The graph is always falling, so it approaches that from above on the right side, and

from below on the left side.

As  x-->+-0,  e^x -> e^+-infinity

But  e^+inf = infinity, and e^-inf = 0.  So there is an obvious discontinuity at

(0,0).  {How about a nice open circle there?]

That should do it.
...................................

For 2^(x^2), it's like  e^(x^2) which is your famous 'Bell curve'.  Sorry, I mean the

famous 'bell curve'.  [No capital B, it's not named after someone named Bell.]

AND IT DOES NOT LOOK LIKE NUMBER 4.

....................................
F(x) = log x to the base of 10 and G(x) = x

FG(x) =  x log x

Since the domain of  log x is x > 0, there is no graph for negative values or zero.

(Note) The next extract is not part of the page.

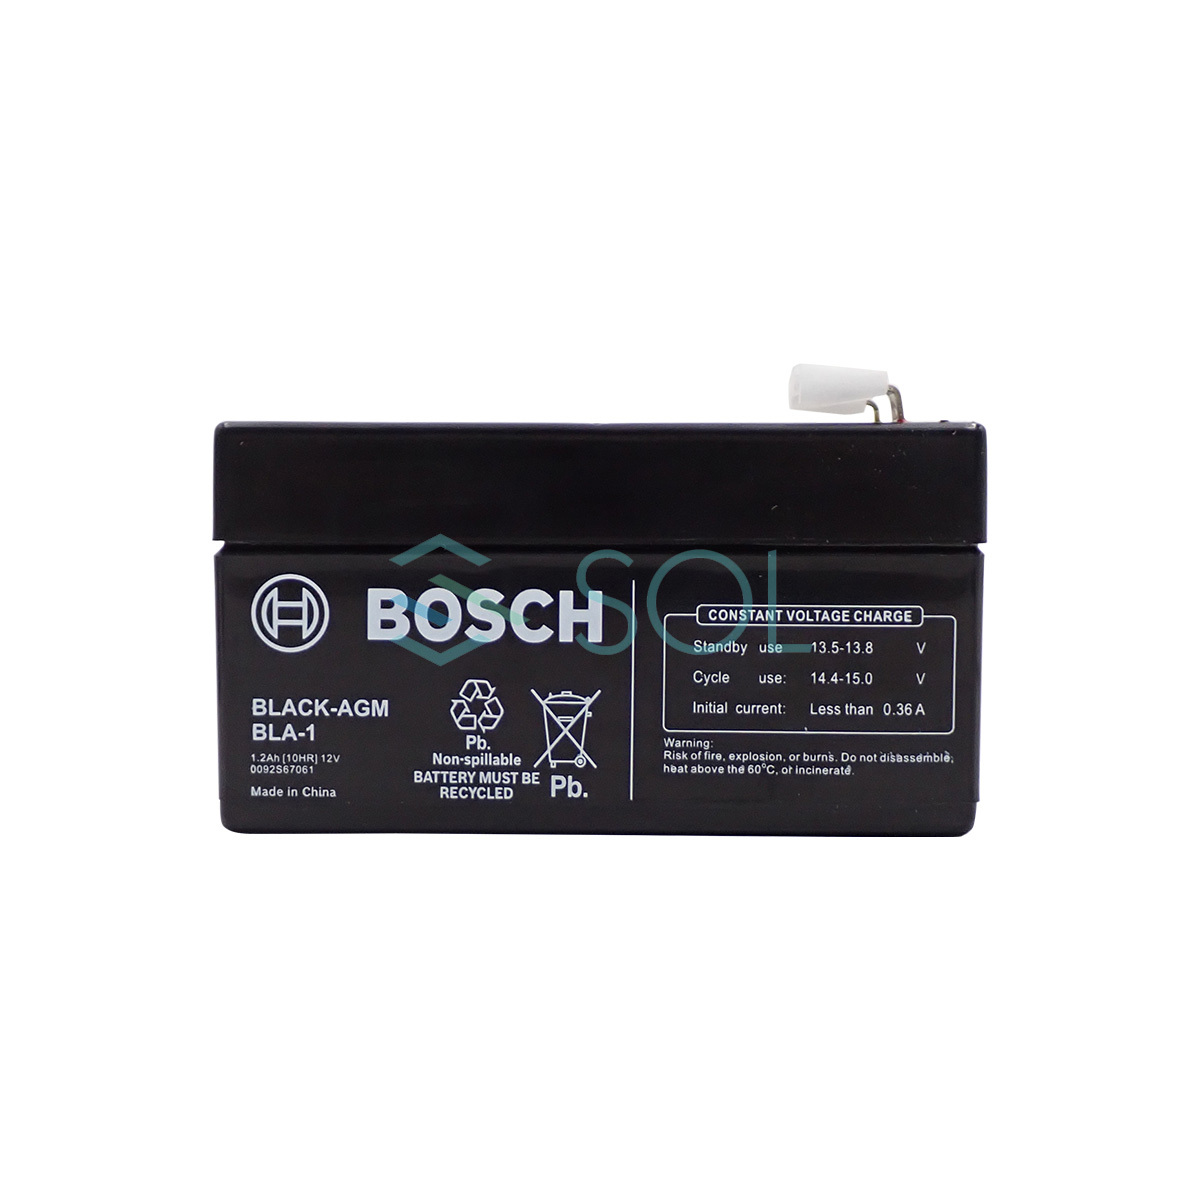 BOSCH製 ベンツ 補機バッテリー サブバッテリー BLA-1 12V 1.2Ah BLACK-AGM バックアップバッテリー Eクラス W212 R230 X204_画像2

If x = 1,  log x = 0, so there is an x-intercept there.
IF x > 1,  log x > 0, so the graph is above the x-axis.
IF x < 1,  log x < 0, so the graph is below the x-axis.

What happens as  x --> 0?  Have you learned something called l'Hospital's rule yet?  

If so, you can easily prove that
      log x
lim   ------- = 0
x->0    1/x
[PRECALCULUS?  Ignore that and you can still reach the same conclusion.]
So the graph will approach the origin.